CENM –Nuclear Studies Centre of Maamora

CNRP – National Centre of Radiation Protection

CNESTEN–National Centre of Nuclear Energy, Sciences and Techniques

DSRS – Disused Sealed Radioactive Sources

CSF – Central Storage Facility

RPO – Radiation Protection Officer

IAEA – International Atomic Energy Agency

6.0 DSRS MANAGEMENT DESCRIPTION IN MOROCCO

6.1 Legislation and Regulations Relating to the Management of DSRS in Morocco

The legal and regulatory framework of Morocco covering radiological protection and use of nuclear

energy is based on Law (No. 005-71) of 12 October 1971. This law establishes general principles as

basis for implementation of lower level regulations or decrees. The current regulations apply to the

importation, exportation, acquisition, production, transformation, detention, use, sale, transit,

transport, recycling and re-use of equipment or substances capable of emitting ionizing radiation.

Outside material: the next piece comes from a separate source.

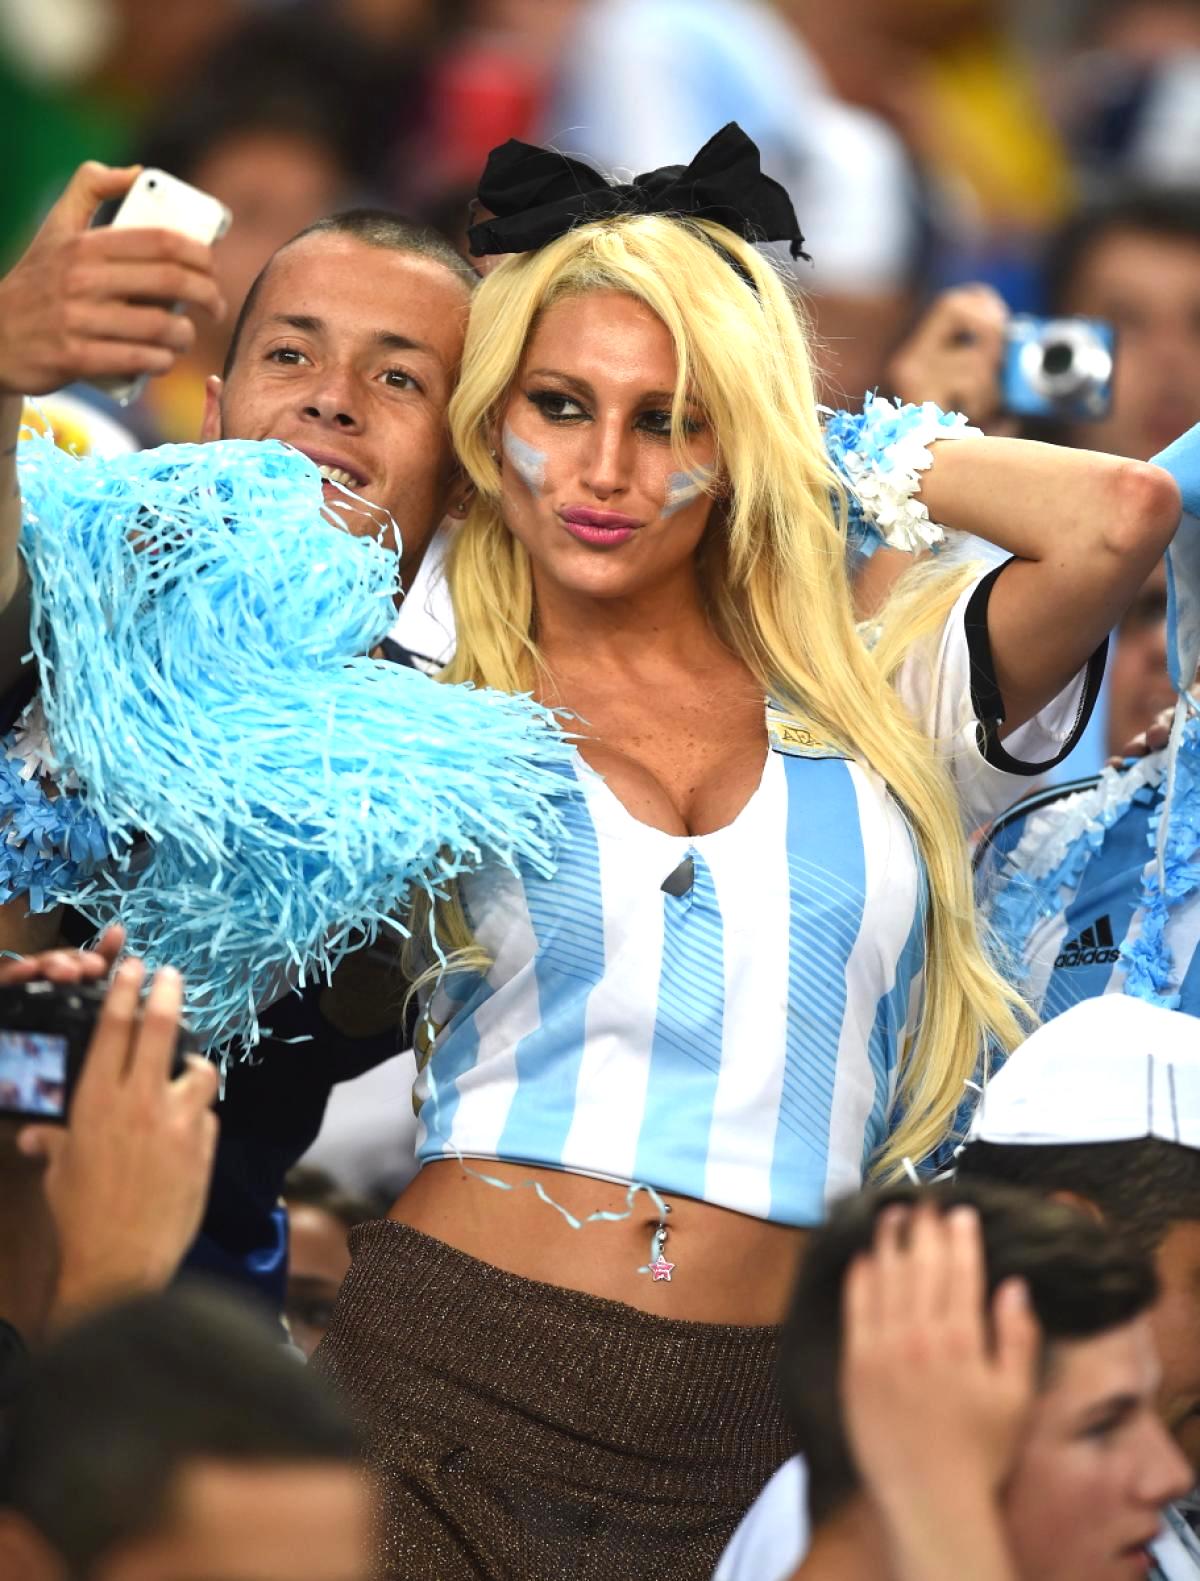 30 Hottest Female Fans Spotted At The 2014 Fifa World Cup Total Pro Sports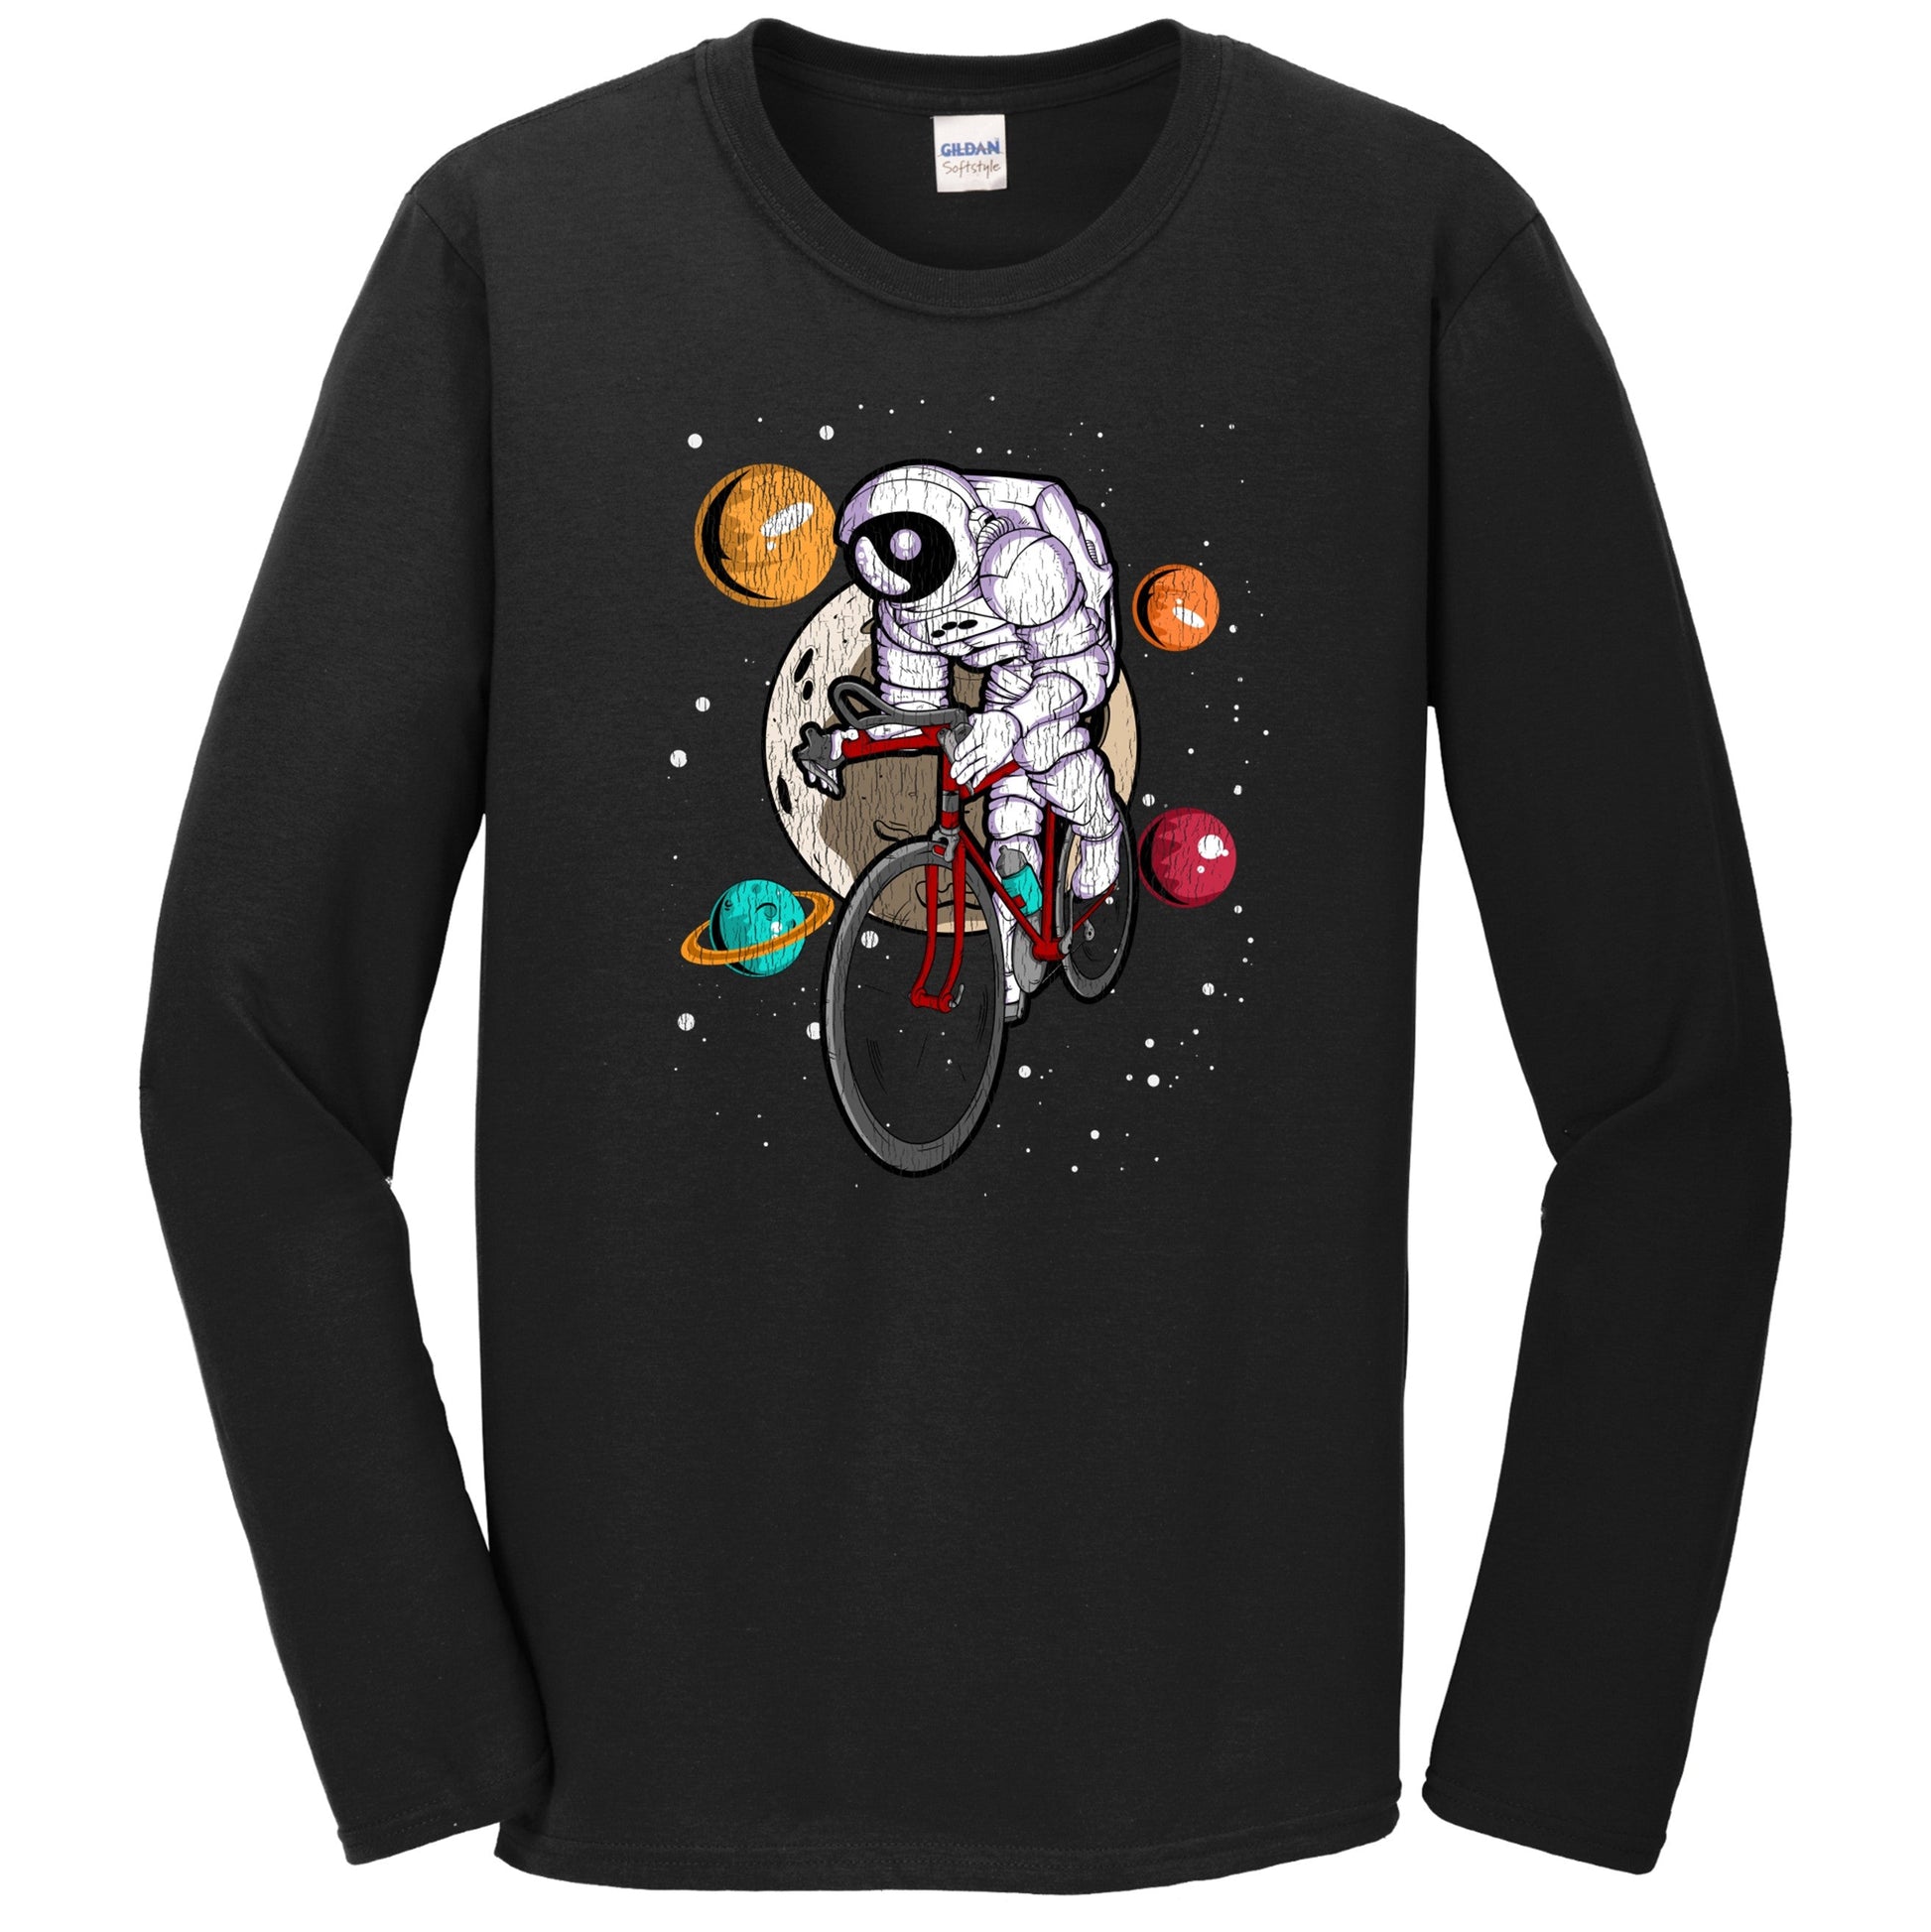 Cycling Astronaut Outer Space Spaceman Bike Distressed Long Sleeve T-Shirt

They also apply to the treatment, handling, conditioning, storage, clearance and disposal of

radioactive substances or waste and to any other activity involving a risk arising from ionizing

radiation.

CNESTEN was established and assigned with the responsibility of managing radioactive waste

including DSRS by Law No. 12-02 of 2005. Morocco has draft radioactive waste management

regulations that address number of waste management aspects such a waste classification and

transportation of radioactive waste including DSRS etc. A National Commission of Nuclear Safety

(NCNS) was also created by decree number 2-94-666 of 7 December 1994.The Commission is

responsible for the regulation of nuclear installations. The Commission is overseen by the

Department of Energy and Mines. The decree number 2-97-30 of 28 October 1997 states the

general principles of protection against hazards resulting from the use of ionizing radiation which is

based on the ICRP recommendations (International Commission of Radiation Protection) and the

Basic Safety Standards of the IAEA. This decree mentions that the National Centre for Radiation

Protection (CNRP), which is under the Ministry of Health, is the Regulatory Body dealing with non-

nuclear facilities.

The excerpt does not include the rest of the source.